Вдруг во вкладыше среди кучи реклам я заметил объявление в рамочках о том, что организуются периодические недельные курсы духовного развития.
«Во, блин! Какой только ерундой люди не занимаются!», - усмехнулся я. «Ну, бараны! Какое там духовное развитие! Видели бы морду хозяина и его холодный прищур с оскалом, когда он начинает слегка нервничать и все байки о каком-то духовном развитии отпали бы сами по себе. Впаривают людям какую-то херню и кто-то же из лохов покупается на эту лажу!»


Я отбросил газету и глядя в окно, принялся дальше усиленно думать о том, куда бы укрыться.
«Как найдут, то покромсают – это уж как пить дать», - бегала дрожью мысль. От этого во всем теле становилось тошно.
Я машинально посмотрел на вороненую сталь пистолета, отягощавшего бедро за поясом.
«Вот моя надежда на ближайшее будущее. Но я им все равно живьем не дамся. Не на птенца напали».
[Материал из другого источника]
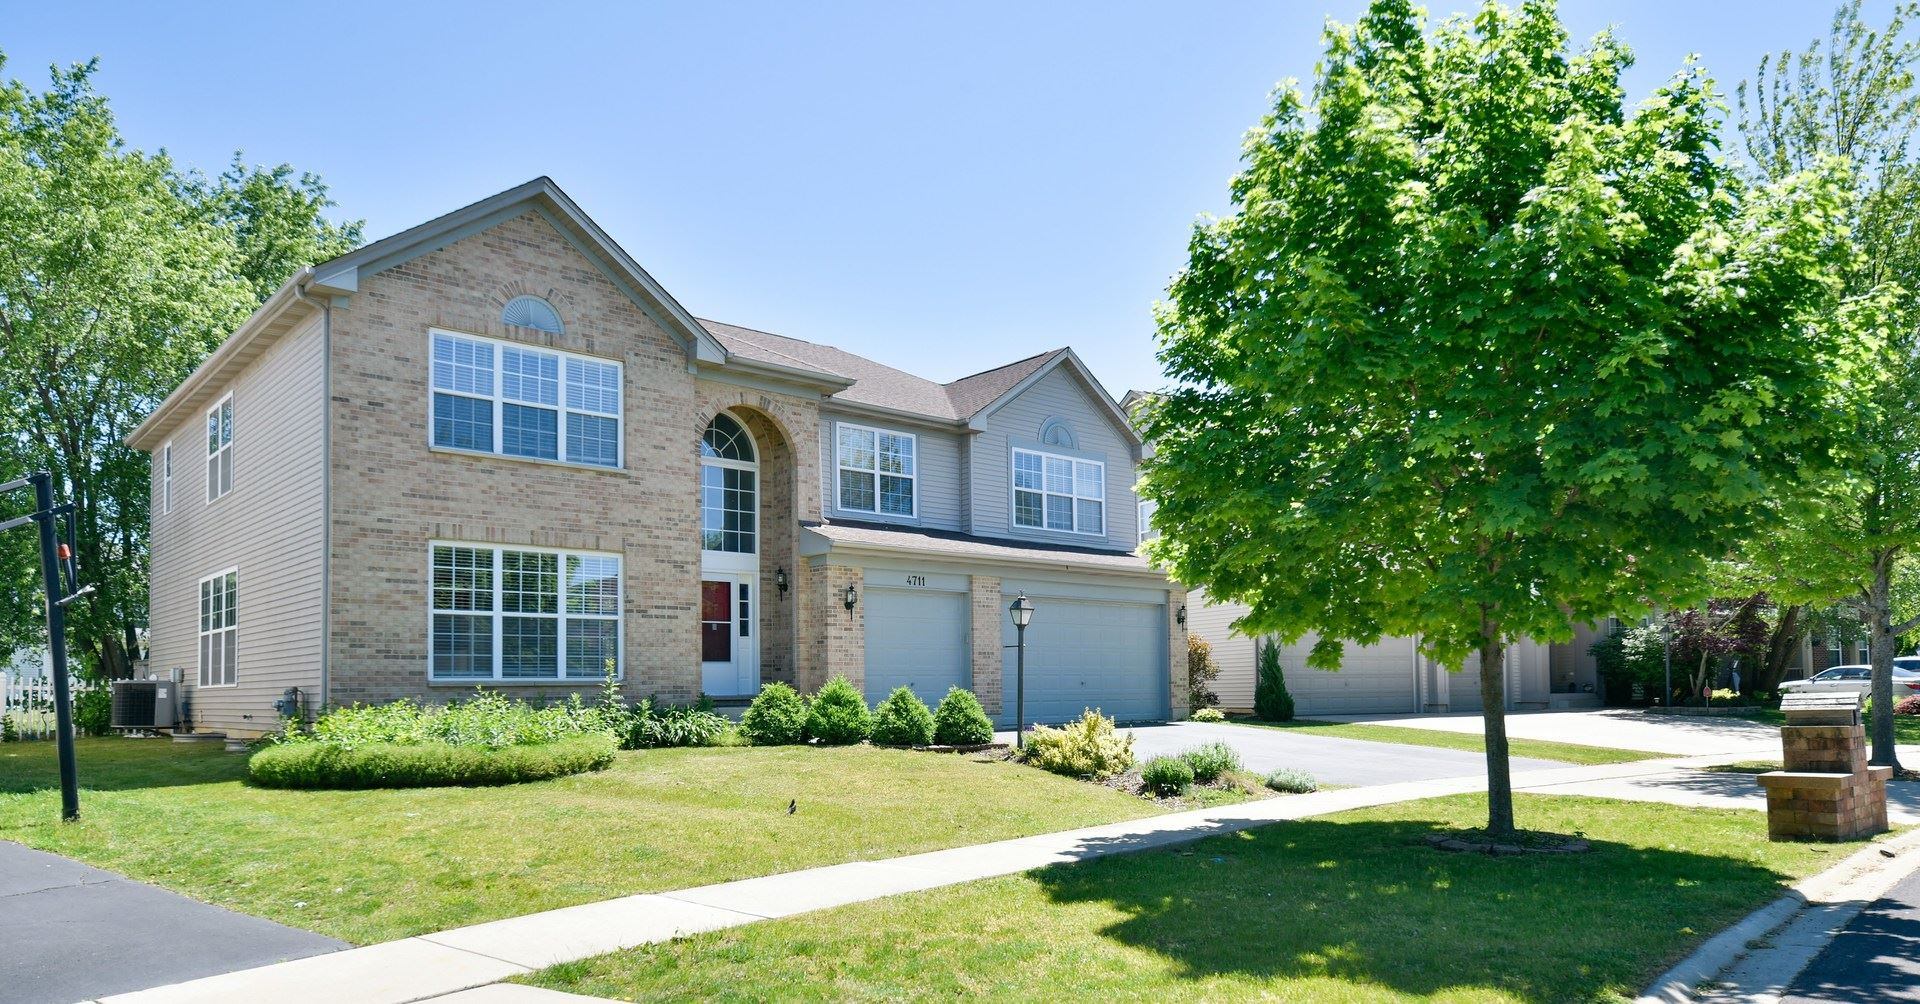 4711 Windridge Court, Carpentersville, IL 60110 - #: 11105704

На детской площадке беззаботно копошилась детвора.
«Ничего себе, площадочка! У нас такой не было», - подумалось мне. «Впрочем хорошо хоть крыша над головой была и своя кровать. Сейчас и этого нет».

Вспомнился детдом и все, что с ним связано. Тогда тоже иногда приходилось видеть детей на таких дворах. Они тогда никак не были обустроены и дети на них внешне ничем от нас не отличались, но когда с обшарпанных балконов или завешенных сохнущим бельем кого-то из них звали домой, то сначала сердце начинало страшно ныть, а потом откуда-то изнутри вылезала на поверхность безудержная злость на всех на свете и хотелось всех пинать, бить кулаками, кусать и рвать.

В голове постоянно ныла мысль «я» и «они». Эти «они» вызывали какую-то тупую зависть в перемешку с досадой на все и на всех. «Они», конечно, ни в чем не были виноваты. У них просто были родители, которые наверное тоже иногда их раздражали, давали им подзатылники, пили и громко ругались между собой, но я тогда многое бы отдал за то, чтобы вновь в нашей захламленной никогда неприбранной квартире с пустыми бутылками в паутине уткнуться носом в мягкое тело моей матери, пахнущее потом, куревом и перегаром.
Я знал, что я никогда бы не простил ей того, что она не просто оставила меня, а забыла о моем существовании и пропила все, что можно – и меня, и мою жизнь, и собственную жизнь тоже, но эта минутка близости и забытья в теплом кусочке родного тела иногда была мне так необходима и мне из всей моей жизни иногда нужно было только это.

В глазах своих друзей по детдому часто сквозь пелену злобы и жестокости я видел тоже самое – желание почувствовать на своей макушке шершавую ладонь не тети Маши – нашей опекунки, которая по-своему нас любила и нам сочувствовала, а отца или матери. Именно за это сочувствие близкого, но неродного человека, злоба, как заноза вбившаяся в серце, то и дело вызывала негодование, которое постоянно стремилось на что-то или на кого-то вылиться.

Особенно донимали свои же сверстники – с точно такими же искаверканными жизнями. Они по-началу раздражали тем, что были такими же как и я – оставленными, заброшенными и никому во всем мире ненужными. Я вроде бы как-то держался с немой серьезностью на упрямом лице, но с некоторыми было действительно плохо.
Одни плакали и что-то кричали во сне, другие вставали ночью и словно духи блуждали с закрытими глазамии по коридорам. Впечатление от них было жуткое, как от живых трупов. Наша старая няня – сухощавая баба Груша, которая словно никогда не спала, вдруг появлялась из конца темного коридора, похрамывая подводила их к кровати, укладывала, прикрывала, а потом будила. Те открывали глаза, ничего не помнили, потом снова засыпали и обычно уже спали до утра.